Eric Vuillard raconte la fameuse journée du 14 juillet 1789, en se plaçant du côté des humbles, des inconnus, des hommes qui étaient présents, au milieu de l’action, des cris, des armes et du feu, au travers de ceux qui ont fait la journée du 14 juillet 1789, qui ont fait la Révolution française.
« La folie Titon », c’est le lieu du début du soulèvement qui amènera à la révolution française, c’est le lieu du début du livre d’Eric Vuillard, ce 28 avril 1789. Cette manufacture de papiers peints de Monsieur Réveillon (n’est-ce pas un nom prémonitoire pour le lieu qui va « réveiller » le peuple français ?), qui sera saccagé, signe précurseur d’un mécontentement populaire qui gronde.
Puis, en quelques pages, car le livre en contient très peu, nous sommes le 14 juillet 1789, nous sommes dans les rues de Paris, dans la foule des inconnus, la masse des incompris, dans ce flot populaire qui se laisse mener par une vague que plus personne ne dirige et ne contrôle, nous sommes le jour de la prise de la Bastille.
Mais Eric Vuillard ne raconte pas le 14 juillet de manière « classique », avec un regard en hauteur, autour des grands de l’Histoire, ni en décrivant uniquement les incendies, les bousculades, les combats, le sang et les assassinats. Il choisit l’originalité en entrant en plein dans la bataille, aux côtés des hommes et des femmes (surtout des hommes) qui ont vécu cette journée, sur la base de témoignages et de récits, d’une documentation historique réelle, en leur rendant un bel hommage.

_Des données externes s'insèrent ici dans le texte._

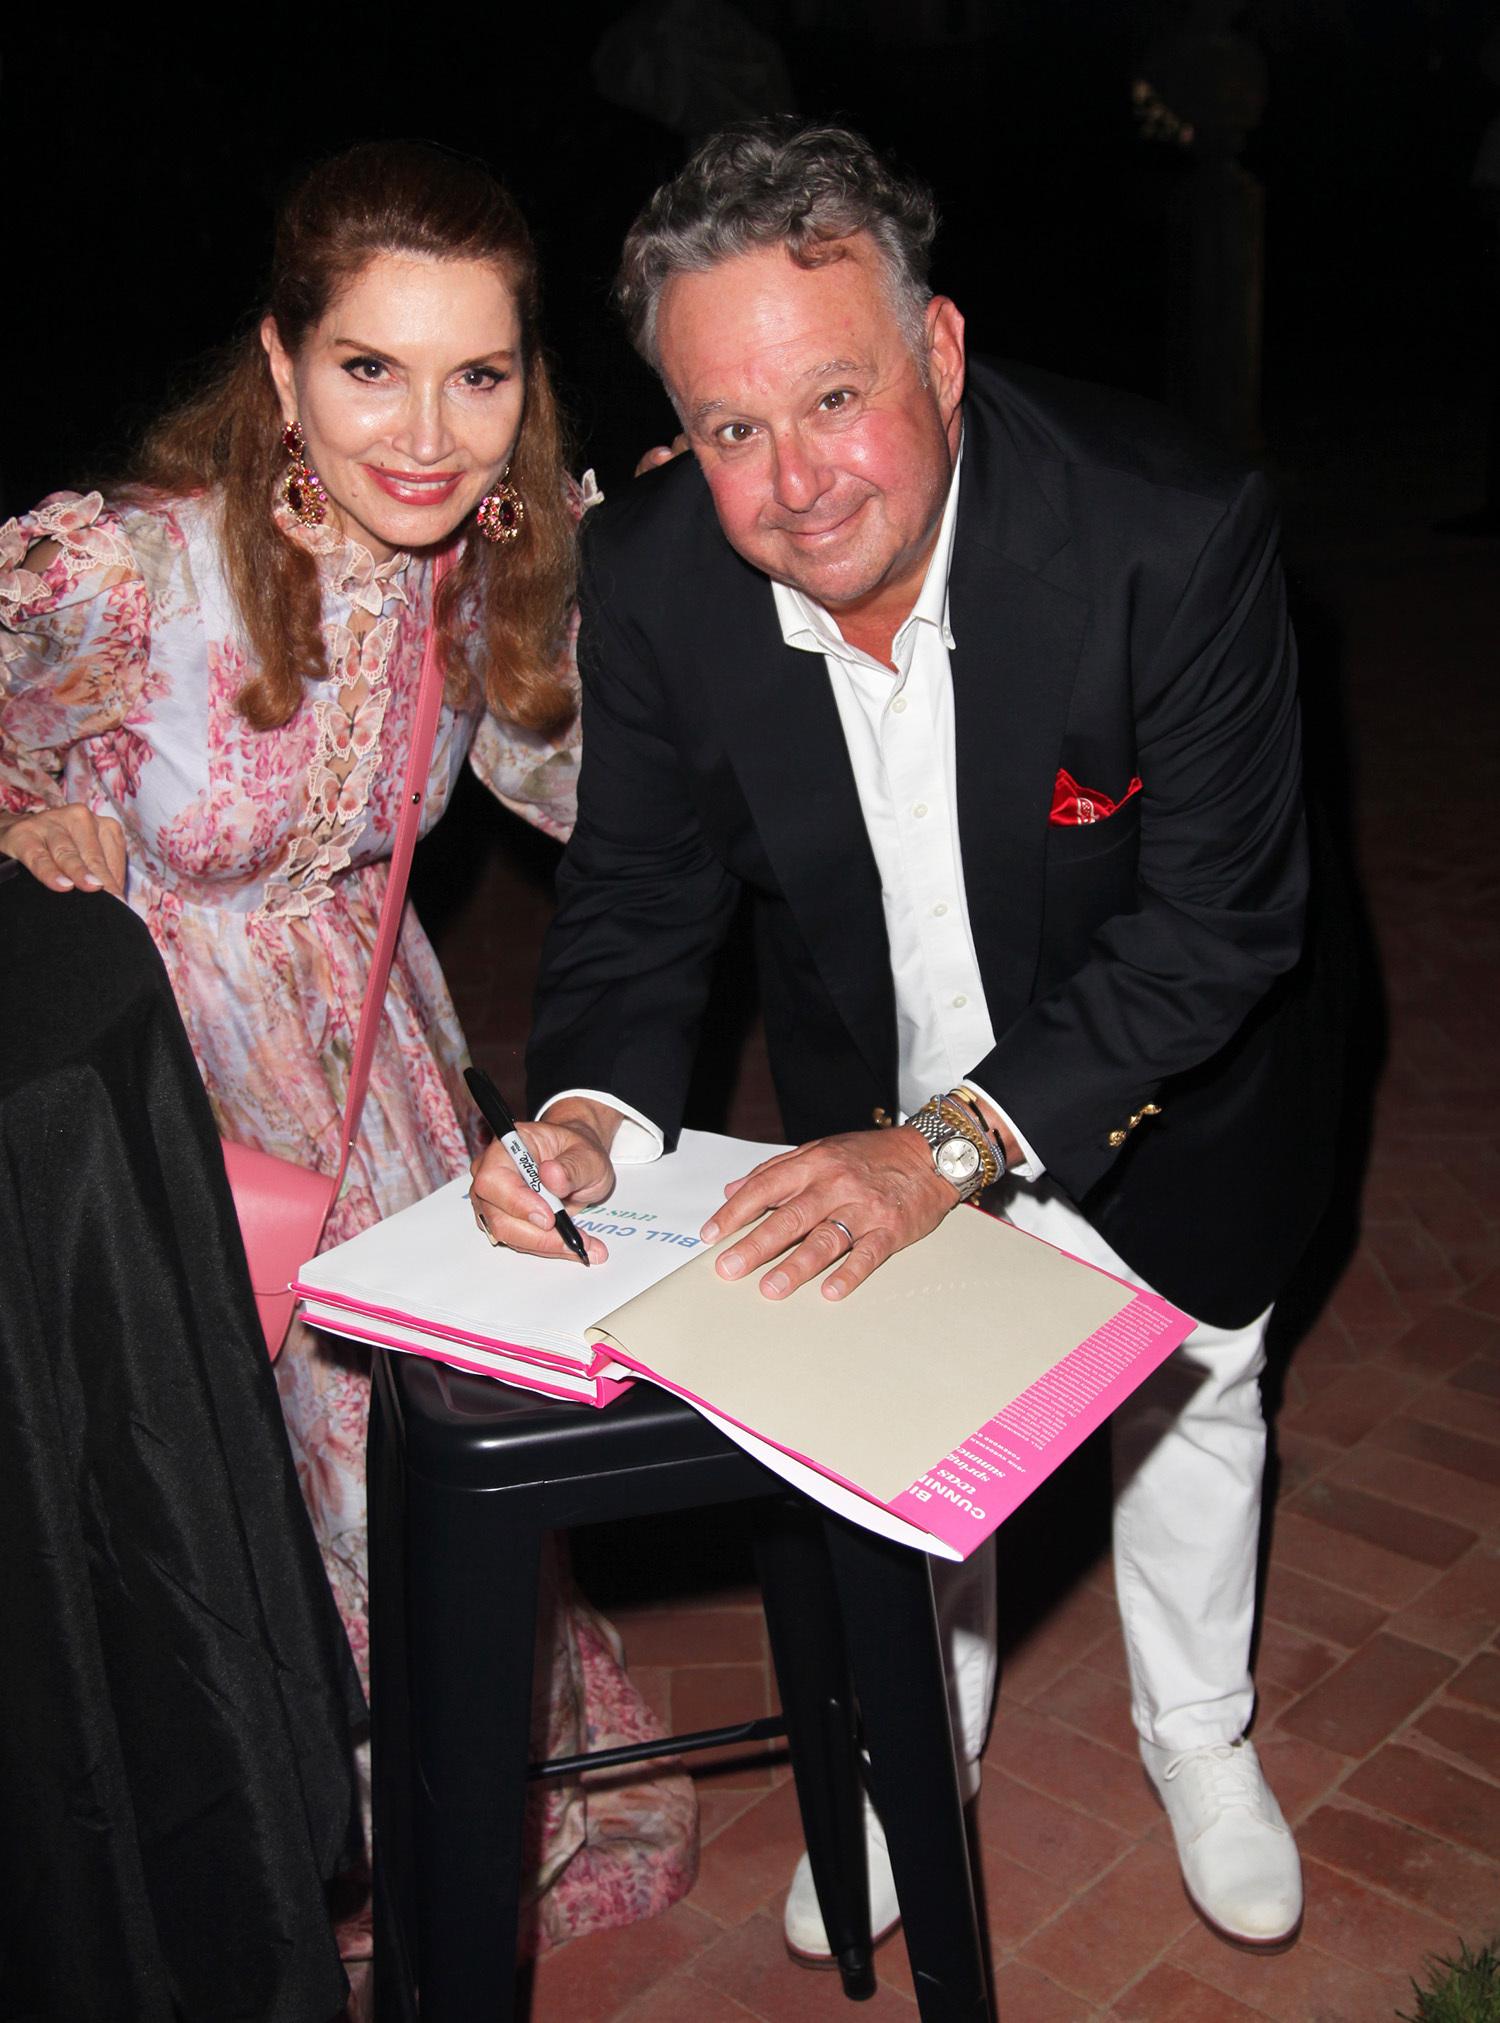 Author Steven Stolman signs a copy of
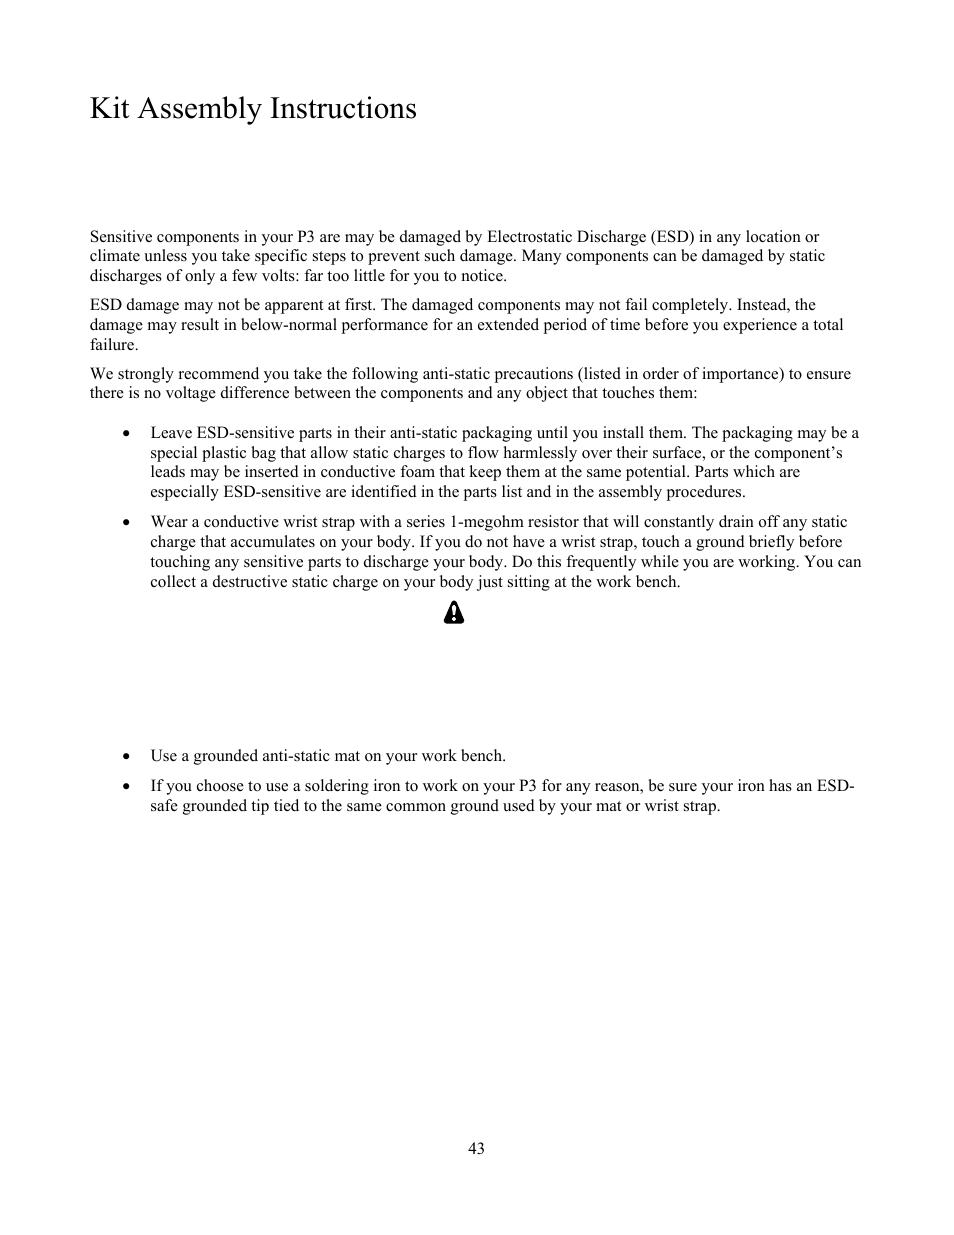 Kit assembly instructions | Elecraft P3 High-Performance Panadapter

Il faut saluer les recherches qui ont été effectuées par Eric Vuillard, avec le souci d’être le plus exact et le plus précis possible. C’est une vision nouvelle et inattendue, portée par l’écriture enflammée, romanesque et poétique d’Eric Vuillard (écriture splendide découverte avec Tristesse de la terre) du côté du peuple, des concernés. Cette reconstitution méritait d’être effectuée, et l’initiative est vraiment très intéressante.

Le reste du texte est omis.